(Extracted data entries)
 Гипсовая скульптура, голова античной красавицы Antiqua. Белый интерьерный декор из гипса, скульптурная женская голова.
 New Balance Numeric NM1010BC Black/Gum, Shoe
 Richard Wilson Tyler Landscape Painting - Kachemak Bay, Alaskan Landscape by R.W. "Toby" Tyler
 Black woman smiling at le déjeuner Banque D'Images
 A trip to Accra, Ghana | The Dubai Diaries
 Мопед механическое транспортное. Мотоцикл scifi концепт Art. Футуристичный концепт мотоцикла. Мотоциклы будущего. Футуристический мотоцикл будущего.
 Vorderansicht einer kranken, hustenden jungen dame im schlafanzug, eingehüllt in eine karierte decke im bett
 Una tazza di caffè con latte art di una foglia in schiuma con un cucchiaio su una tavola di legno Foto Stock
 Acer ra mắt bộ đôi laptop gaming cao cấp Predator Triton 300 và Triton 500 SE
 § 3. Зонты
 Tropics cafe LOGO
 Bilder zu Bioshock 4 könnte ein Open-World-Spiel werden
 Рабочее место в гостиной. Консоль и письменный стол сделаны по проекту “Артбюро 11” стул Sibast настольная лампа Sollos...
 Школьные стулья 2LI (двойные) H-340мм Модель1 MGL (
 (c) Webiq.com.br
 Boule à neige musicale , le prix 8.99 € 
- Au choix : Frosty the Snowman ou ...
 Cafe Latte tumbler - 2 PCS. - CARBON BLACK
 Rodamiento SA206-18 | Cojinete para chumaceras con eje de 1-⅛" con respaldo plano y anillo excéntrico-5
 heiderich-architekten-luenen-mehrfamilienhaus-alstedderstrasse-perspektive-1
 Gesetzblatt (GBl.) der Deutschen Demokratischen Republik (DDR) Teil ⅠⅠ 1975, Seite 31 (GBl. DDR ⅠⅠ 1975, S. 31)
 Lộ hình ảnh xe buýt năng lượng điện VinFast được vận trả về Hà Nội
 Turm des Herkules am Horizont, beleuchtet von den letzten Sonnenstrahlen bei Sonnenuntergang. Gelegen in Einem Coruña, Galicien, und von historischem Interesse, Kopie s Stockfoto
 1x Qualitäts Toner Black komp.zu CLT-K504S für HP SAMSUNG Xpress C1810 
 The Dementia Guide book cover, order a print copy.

## WHAT TO PRODUCE
For the lines above, output exactly those from the line containing "Мопед механическое транспортное." through the line containing "Рабочее место в гостиной.", and skip the others.

## YOUR RESPONSE
 Мопед механическое транспортное. Мотоцикл scifi концепт Art. Футуристичный концепт мотоцикла. Мотоциклы будущего. Футуристический мотоцикл будущего.
 Vorderansicht einer kranken, hustenden jungen dame im schlafanzug, eingehüllt in eine karierte decke im bett
 Una tazza di caffè con latte art di una foglia in schiuma con un cucchiaio su una tavola di legno Foto Stock
 Acer ra mắt bộ đôi laptop gaming cao cấp Predator Triton 300 và Triton 500 SE
 § 3. Зонты
 Tropics cafe LOGO
 Bilder zu Bioshock 4 könnte ein Open-World-Spiel werden
 Рабочее место в гостиной. Консоль и письменный стол сделаны по проекту “Артбюро 11” стул Sibast настольная лампа Sollos...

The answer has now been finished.